For reference, I am running on Mac OS X 10.13.3
using gcc-7 (Homebrew GCC 7.2.0_1) 7.2.0
and an x86-64 Intel processor with a cache line of 64 bytes.
Benchmakrs:
$ ./a.out
Backward Iterating...took 150101 clock cycles
$ ./a.out
Forward Iterating...took 146545 clock cycles
I would have expected forward iteration to be about 64x faster as every 64 elements should be a cache hit whereas with the backward iteration, every element should be a cache miss.
So, I called cachegrind on it. And the cache hit miss rate for both was pretty much the same:
# Left to right iteration
==21773==
==21773== I refs: 4,006,996,067
==21773== I1 misses: 5,183
==21773== LLi misses: 3,019
==21773== I1 miss rate: 0.00%
==21773== LLi miss rate: 0.00%
==21773==
==21773== D refs: 1,802,393,260 (1,401,627,925 rd + 400,765,335 wr)
==21773== D1 misses: 3,153,101 ( 1,588,104 rd + 1,564,997 wr)
==21773== LLd misses: 3,004,885 ( 1,440,660 rd + 1,564,225 wr)
==21773== D1 miss rate: 0.2% ( 0.1% + 0.4% )
==21773== LLd miss rate: 0.2% ( 0.1% + 0.4% )
==21773==
==21773== LL refs: 3,158,284 ( 1,593,287 rd + 1,564,997 wr)
==21773== LL misses: 3,007,904 ( 1,443,679 rd + 1,564,225 wr)
==21773== LL miss rate: 0.1% ( 0.0% + 0.4% )
# Right to left iteration
==21931==
==21931== I refs: 4,006,996,453
==21931== I1 misses: 5,198
==21931== LLi misses: 3,045
==21931== I1 miss rate: 0.00%
==21931== LLi miss rate: 0.00%
==21931==
==21931== D refs: 1,802,393,428 (1,401,628,038 rd + 400,765,390 wr)
==21931== D1 misses: 3,153,113 ( 1,588,079 rd + 1,565,034 wr)
==21931== LLd misses: 3,135,505 ( 1,571,219 rd + 1,564,286 wr)
==21931== D1 miss rate: 0.2% ( 0.1% + 0.4% )
==21931== LLd miss rate: 0.2% ( 0.1% + 0.4% )
==21931==
==21931== LL refs: 3,158,311 ( 1,593,277 rd + 1,565,034 wr)
==21931== LL misses: 3,138,550 ( 1,574,264 rd + 1,564,286 wr)
==21931== LL miss rate: 0.1% ( 0.0% + 0.4% )
Code:
#include <stdint.h>
#include <time.h>
#include <stdio.h>
#include <stdlib.h>
#define BUF_SIZE 100000000
int main() {
srand(time(NULL));
uint8_t *buf1 = (uint8_t *)malloc(BUF_SIZE);
// Fill the buf with random data
for (size_t i = 0; i < BUF_SIZE; ++i) {
buf1[i] = rand();
}
#ifdef BACKWARDS
printf("Backward Iterating...");
#else
printf("Forward Iterating...");
#endif
uint64_t sum = 0;
clock_t start = clock();
#ifdef BACKWARDS
for (size_t i = BUF_SIZE - 1; i != ~0; --i) {
#else
for (size_t i = 0; i < BUF_SIZE; ++i) {
#endif
sum += buf1[i];
}
clock_t end = clock();
printf("took %lu clock cycles\n", end - start);
printf("sum: %llu\n", sum);
free(buf1);
}
To expand on the previous answer:
Loading a full cache line granularity means that going forward or backward doesn't matter, once you hit one side of the line you get all of it.
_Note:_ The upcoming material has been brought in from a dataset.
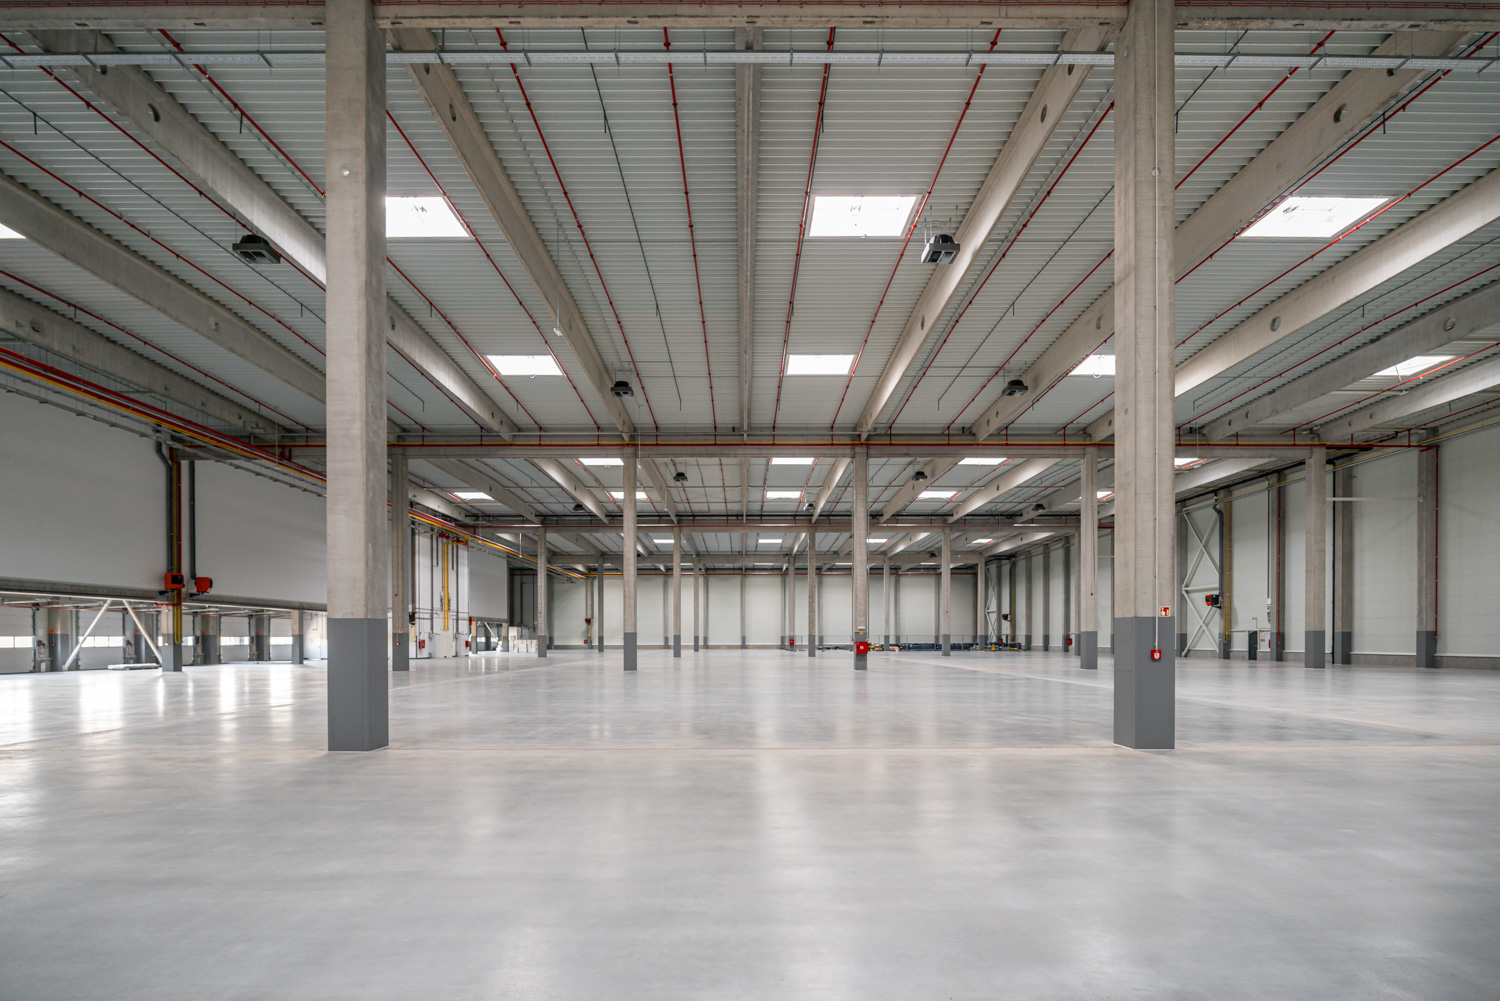 Wing Completes Hall in East Gate Pro Business Park
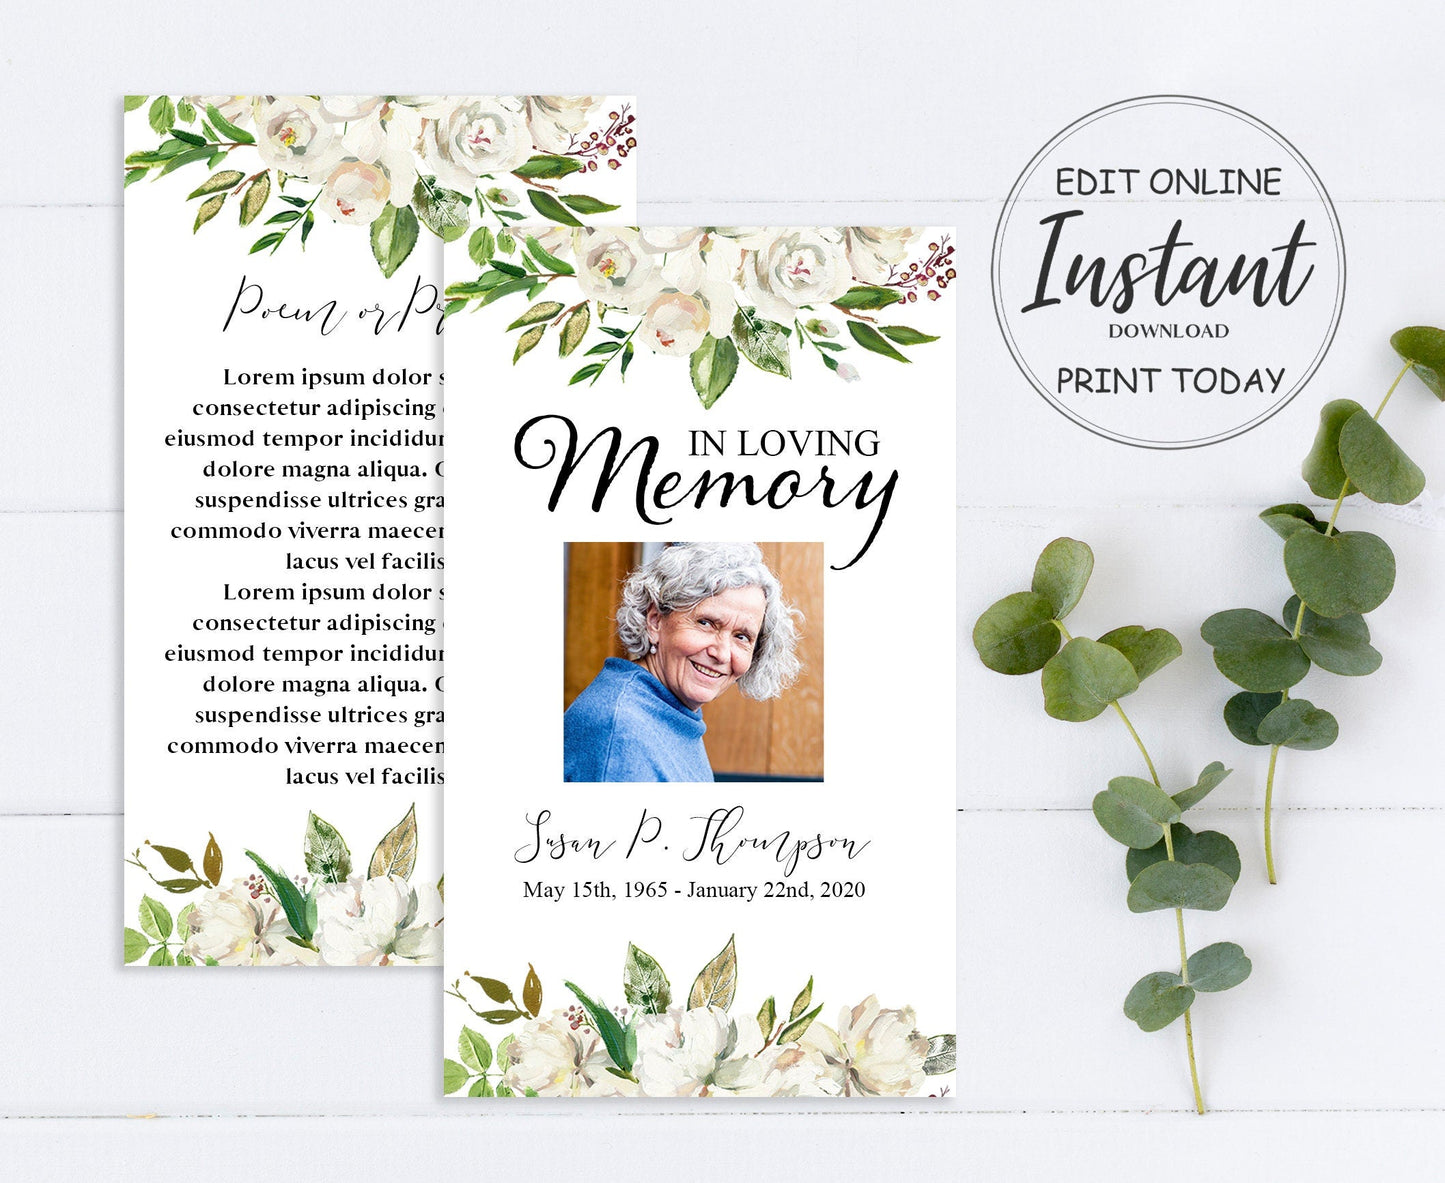 greenery and white roses adorn this obituary prayer card template

This is of course only applicable for cacheable loads and memtypes (+streaming cases that could be hit while still in the buffers).
However, this is not the full story. Modern CPUs employ hardware prefetchers that are very good in dealing with spatial locality - these would increase the granularity by prefetching additional cachelines in the same direction you're progressing. Exiting prefetchers depend on the exact architecture you're using, but common ones include next-line, adjacent-line (+/- 1 line), a stream of next lines, or IP-based strides. More info here .
These prefetchers should be symmetrical, but we don't know for sure (the exact details are not disclosed), they may have different chances or thresholds for different directions.
Another point is that cachegrind is just a cache simulation, it doesn't include effects like prefetching, and doesn't even model an accurate cache (the sizes should be ok, but replacement policy and other micro-architectural details aren't guaranteed to be the same), so you won't see the full effect. It's probably better to view the actual HW behavior using perf counters.